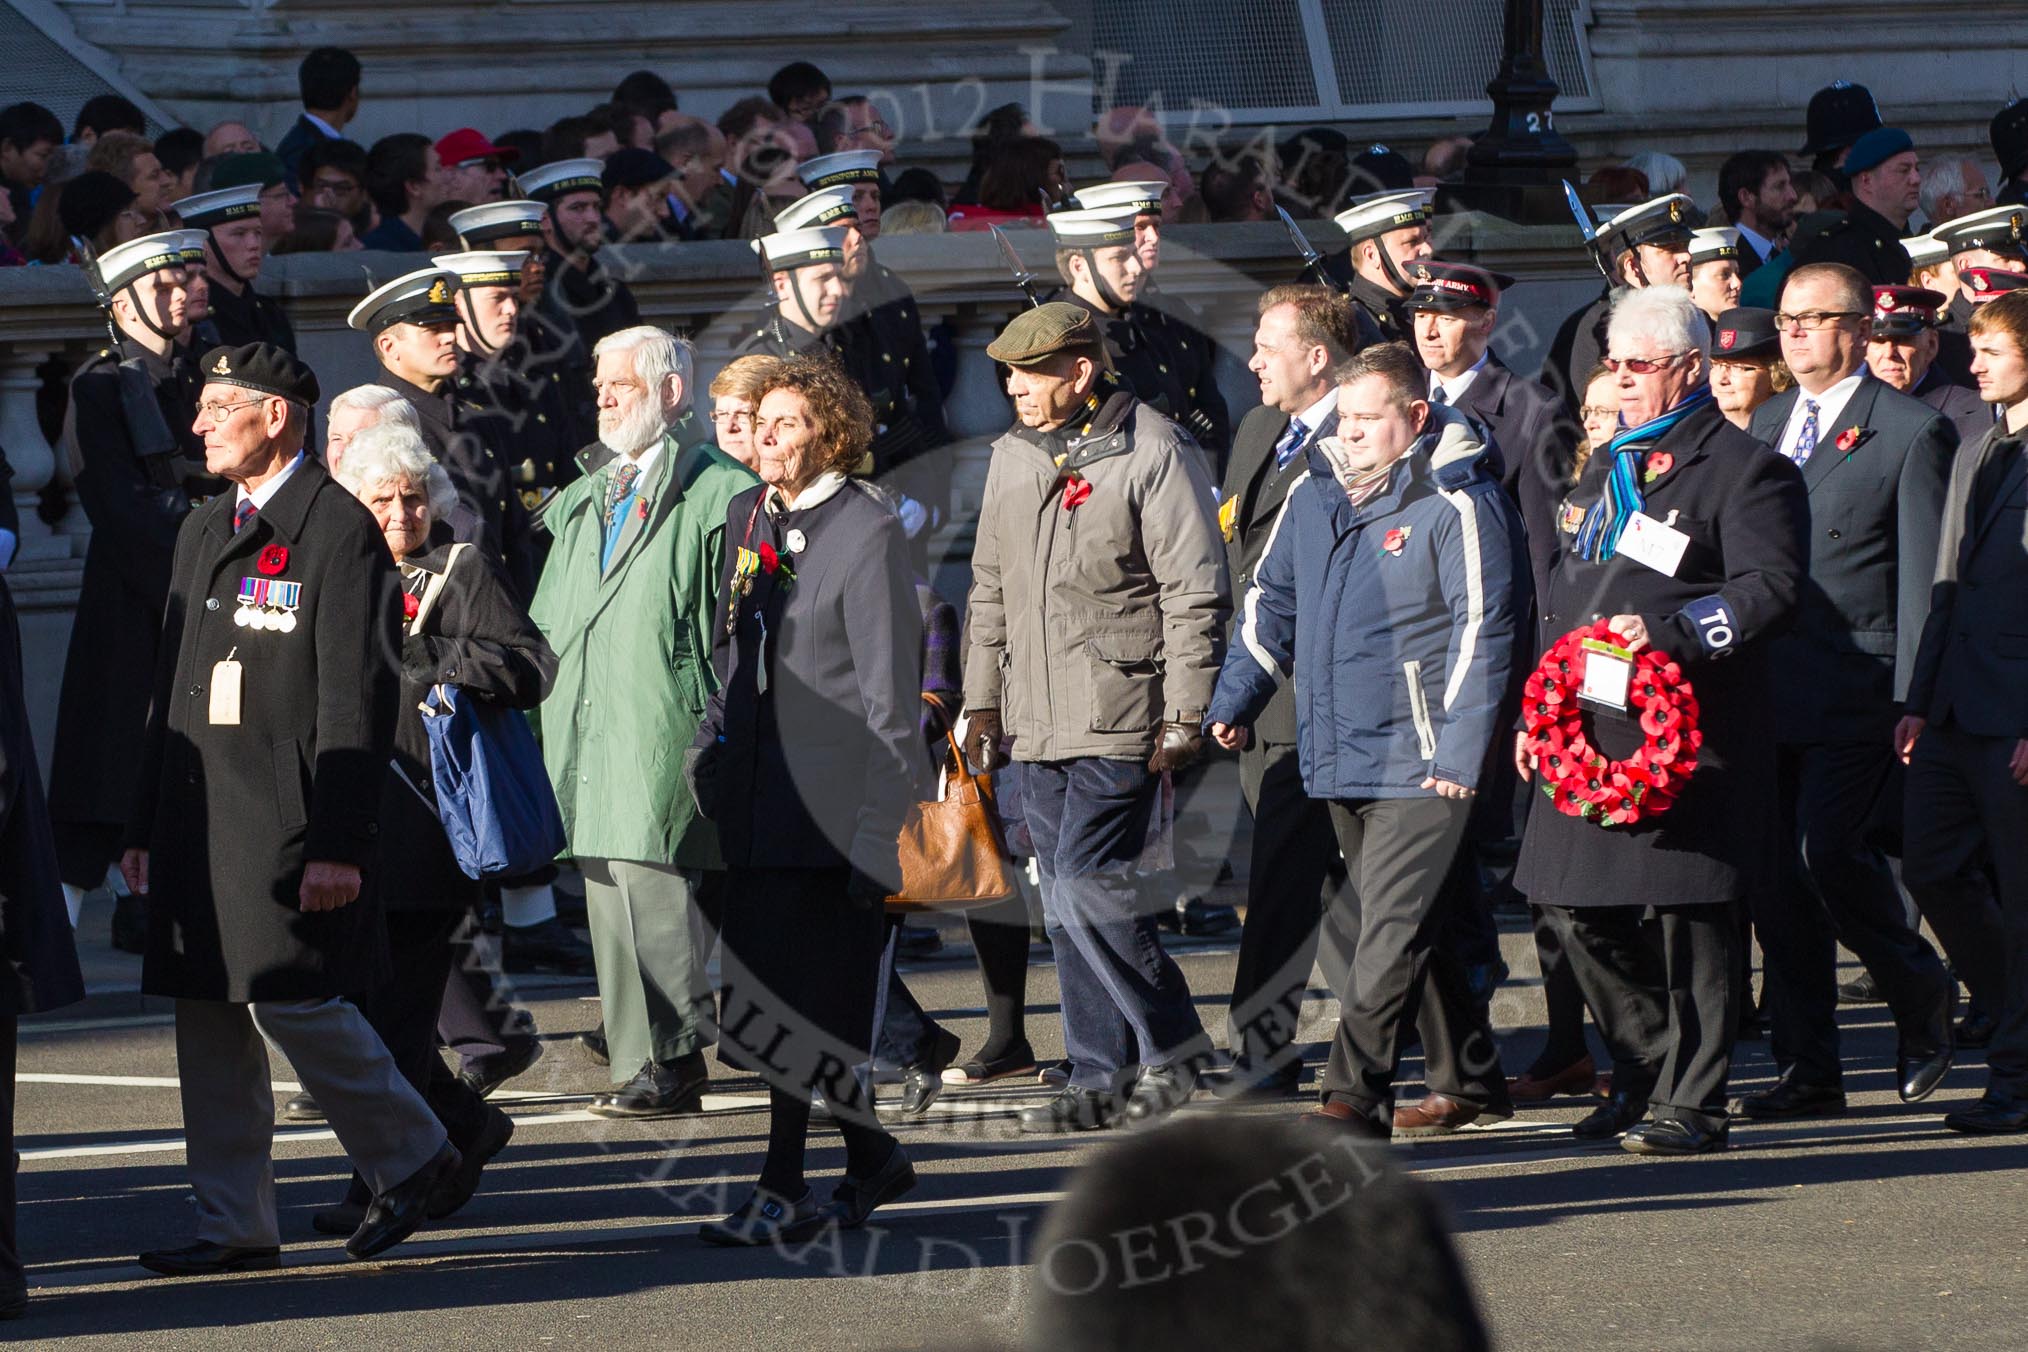 Remembrance Sunday 2012 Cenotaph March Past: Group M6 - Evacuees Reunion Association and M7 - TOC H..
Whitehall, Cenotaph,
London SW1,

United Kingdom,
on 11 November 2012 at 12:10, image #1466
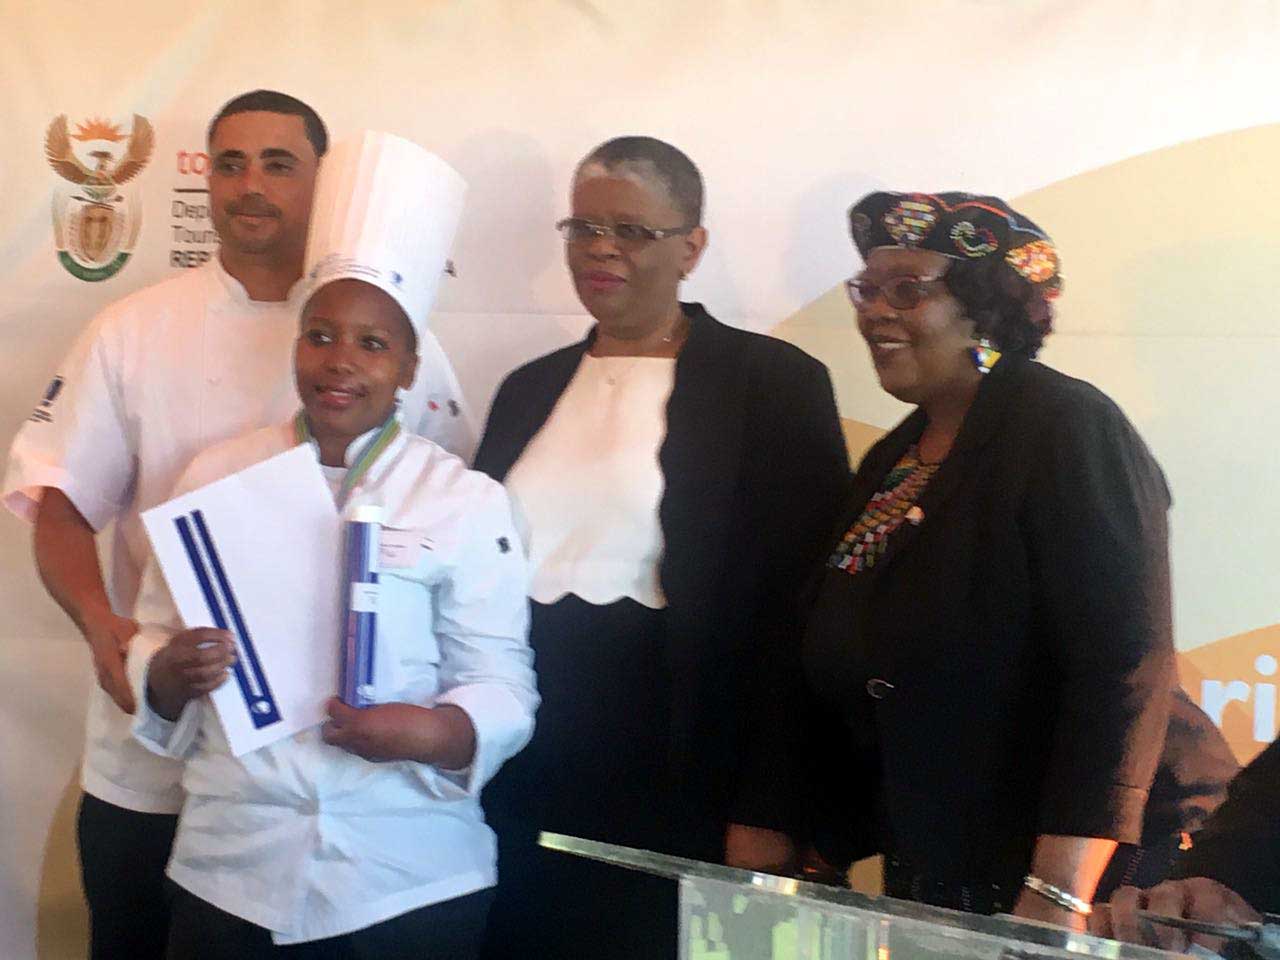 KwaZulu-Natal young chefs graduate from tourism programme with international accreditation 
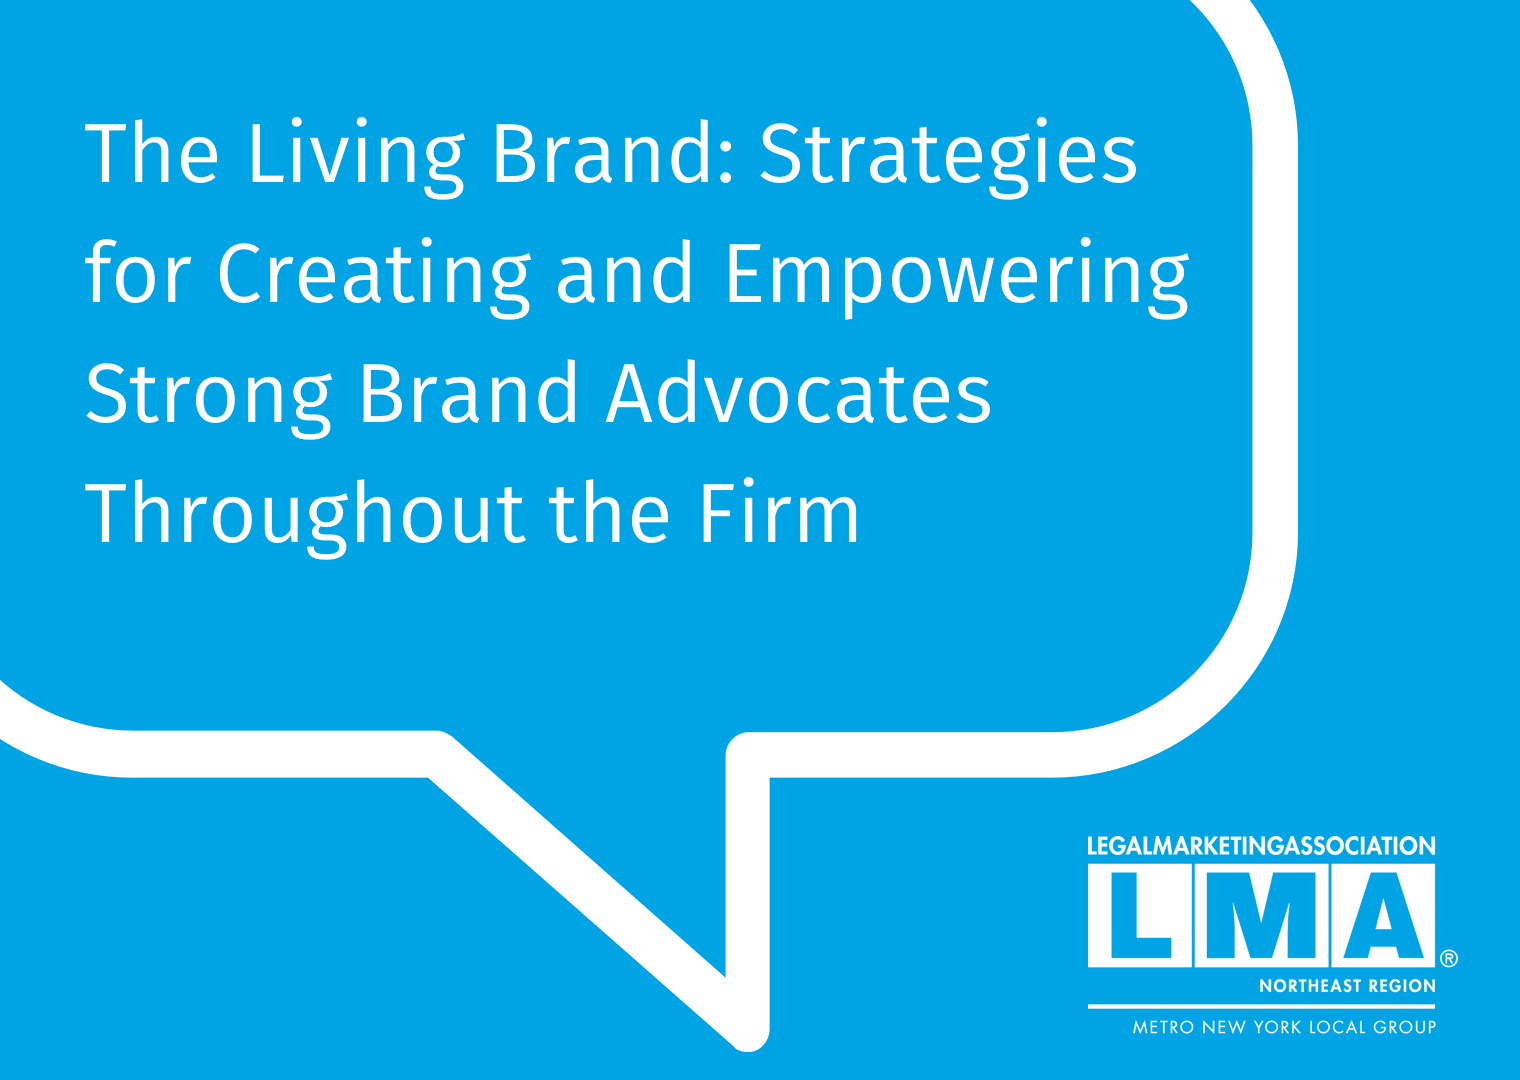 Image about Internal Brand Activation LMA NYC

» ACTIVITY
Go through the data above and transcribe it in full, omitting any image.

» RESPONSE TO THIS TASK
 Remembrance Sunday 2012 Cenotaph March Past: Group M6 - Evacuees Reunion Association and M7 - TOC H..
Whitehall, Cenotaph,
London SW1,

United Kingdom,
on 11 November 2012 at 12:10, image #1466
 KwaZulu-Natal young chefs graduate from tourism programme with international accreditation 
 Image about Internal Brand Activation LMA NYC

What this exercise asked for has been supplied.